Thank you for your comments on my The Power of Thought is the Power to Create blog post. Since recognizing the role and the power we can have by making healthy thought choices, I have found a lot more joy in life. 🙂
So many people I have talked to have experienced the same, and it’s really very exciting! None of our feelings or emotions should be ignored or abandoned recklessly, but in the pool of all of our thoughts, we have the choice to pick which ones we want to nurture and grow. The rest will just fall away as we observe them passing on by.
Have a wonderful week!
wow everything you said was extremely spot on and I enjoyed every second of reading this article. Recently, I have delved into the power of manifestation and I have learned that you can lead a better life just by changing the way you think about things.
Even if something “bad” happens to you, if you have a positive outlook and say “everything happens for a reason, I won’t get upset by this” then later on your positive attitude will bring you something you will have never thought imaginable, and it would not have been possible without the small complication in the beginning.

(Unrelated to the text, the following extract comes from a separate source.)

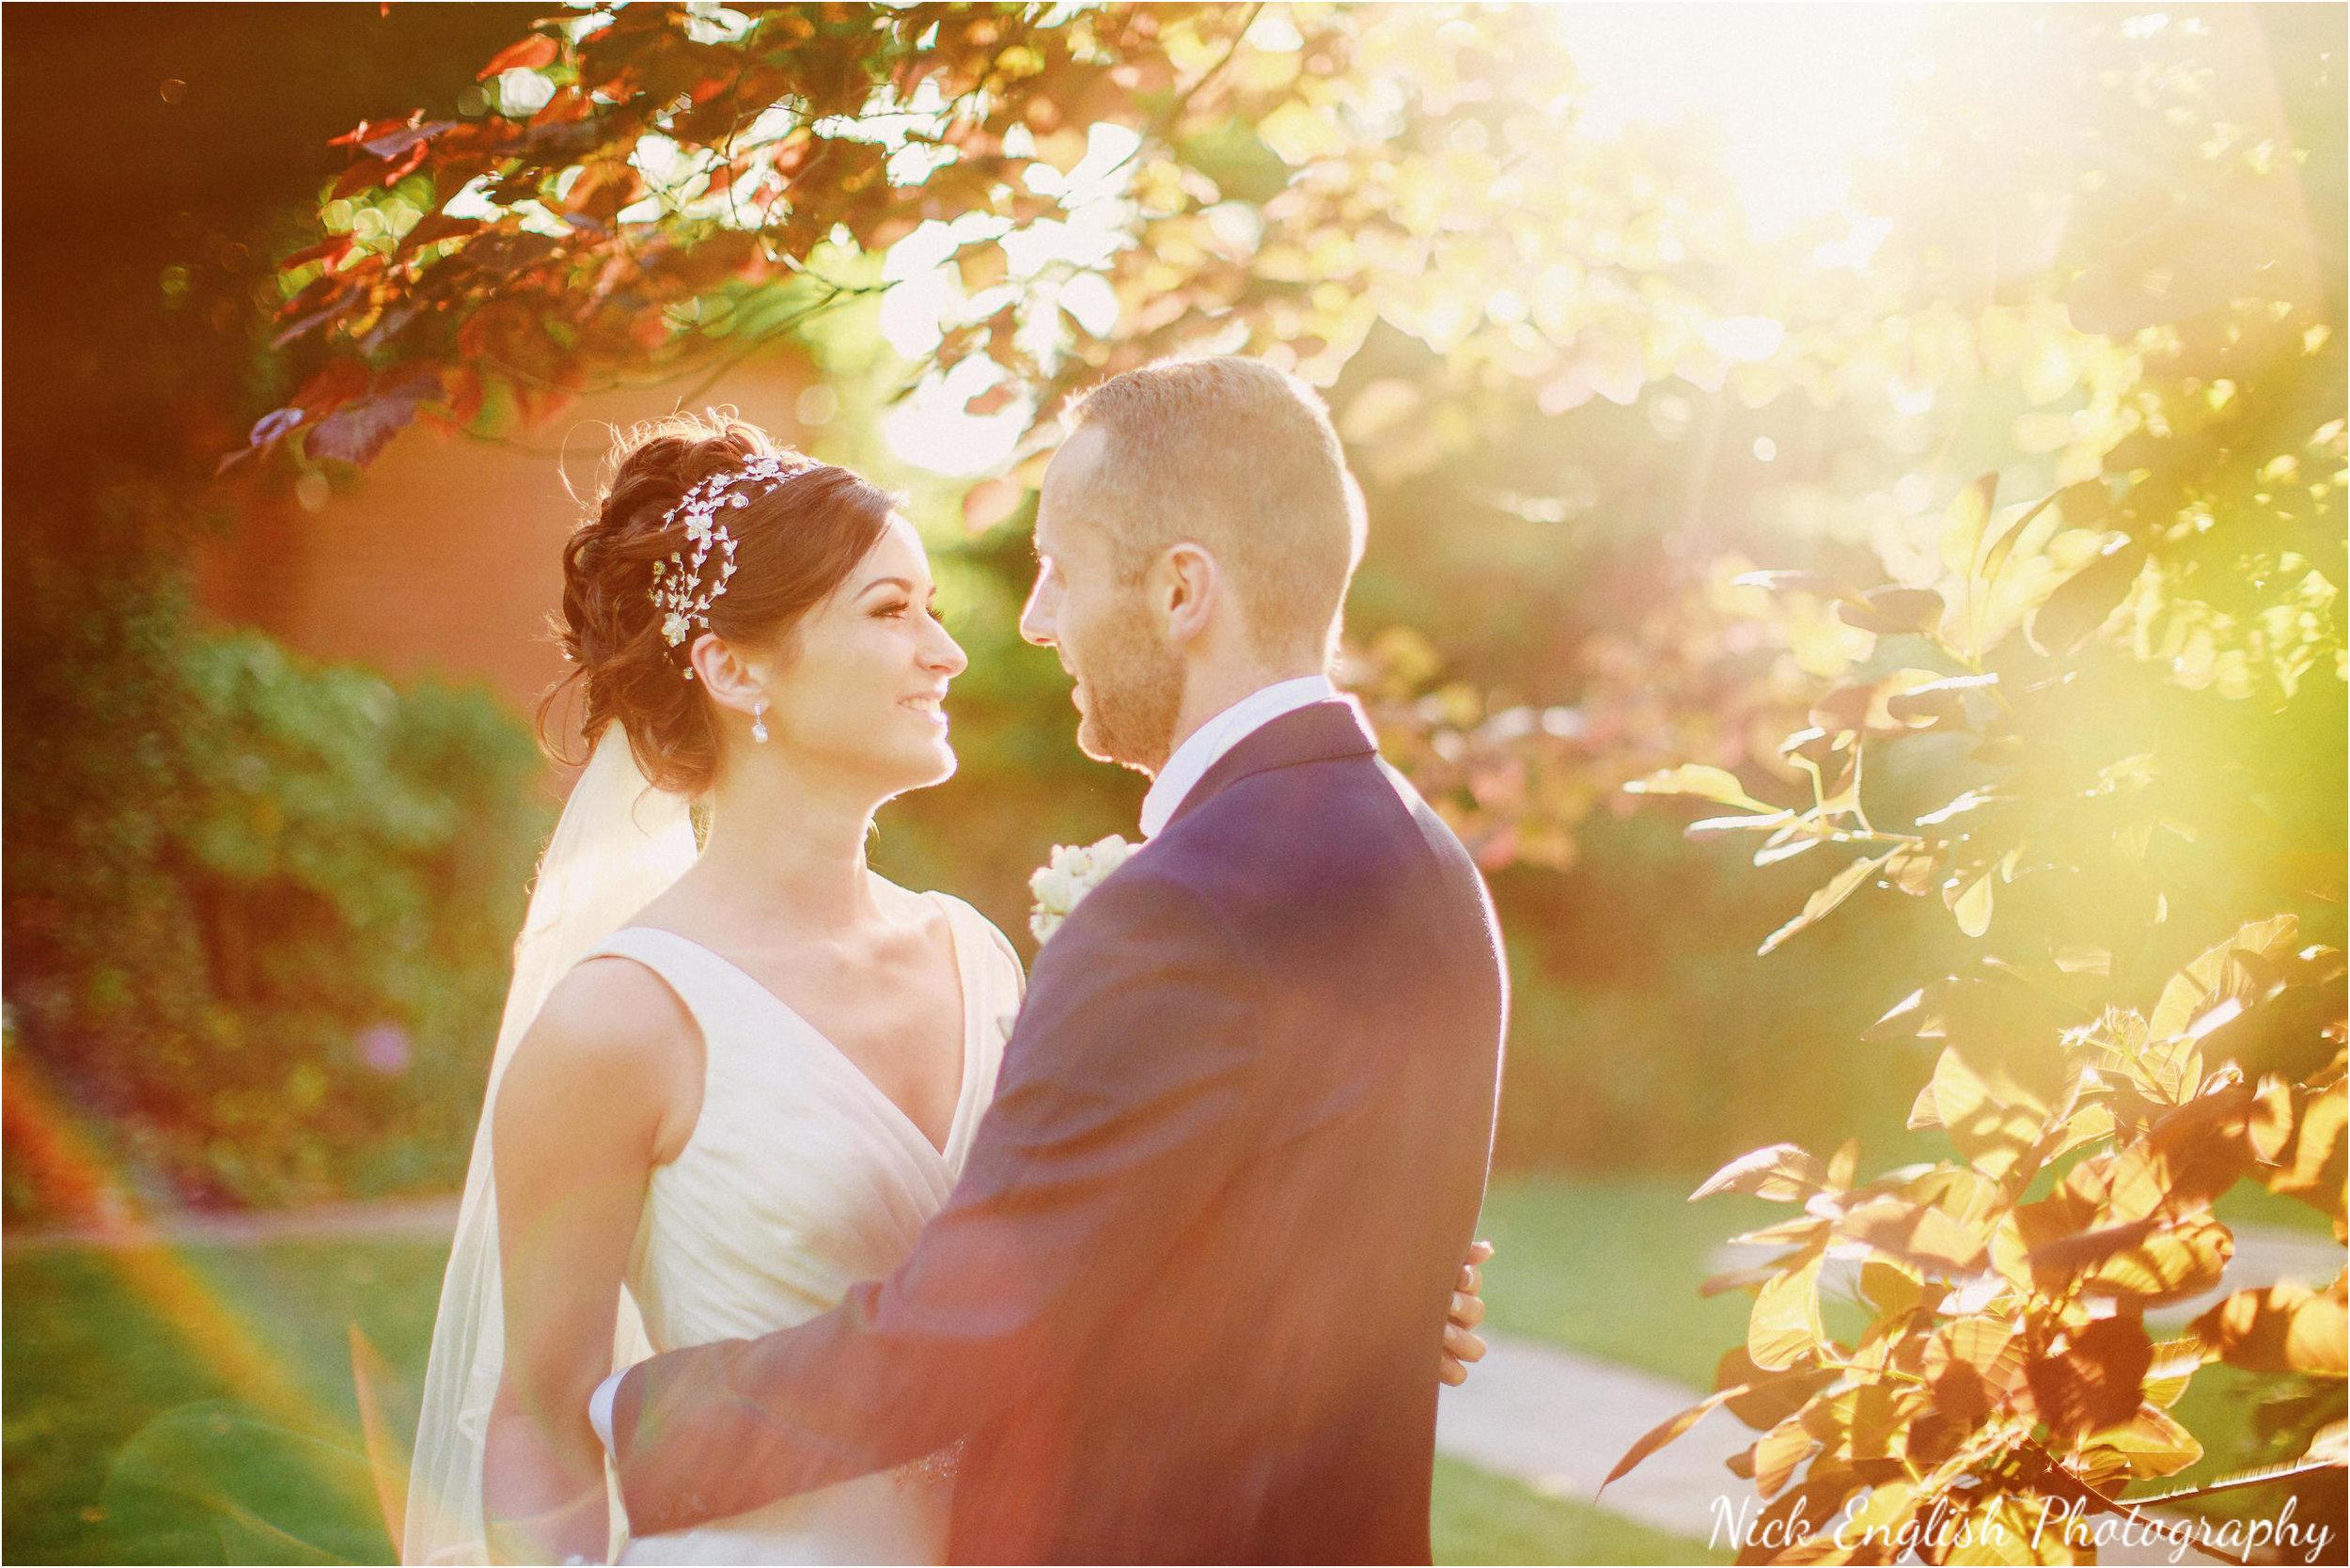 Emily David Wedding Photographs at Barton Grange Preston by Nick English Photography 198jpg.jpeg

I believe that our minds shape who we are. If we think unhealthy thoughts, that is what we are to become. Sp perfect article, I love to see people spreading this kind of awareness!
Thank you so much for your comment on The Power of Thought is the Power to Create, and I’m happy it was enjoyable for you. The power of manifestation you mentioned really can improve our life experience just by the use of our thought processes like you mentioned. It is so funny, because it’s so true that even when something that appears to be very bad happens, there is ALWAYS something good that comes from it. It can be really difficult to get through it, but I think this is where trust and faith come into play. Understanding that there is balance in the world, we can know that when something bad happens, it has to be balanced by something equally good or better. Even if it seems meaningless, it is not.
I think you are very right also about our minds being able to shape who we are and that healthy thoughts make us healthy. Thank you so much for sharing!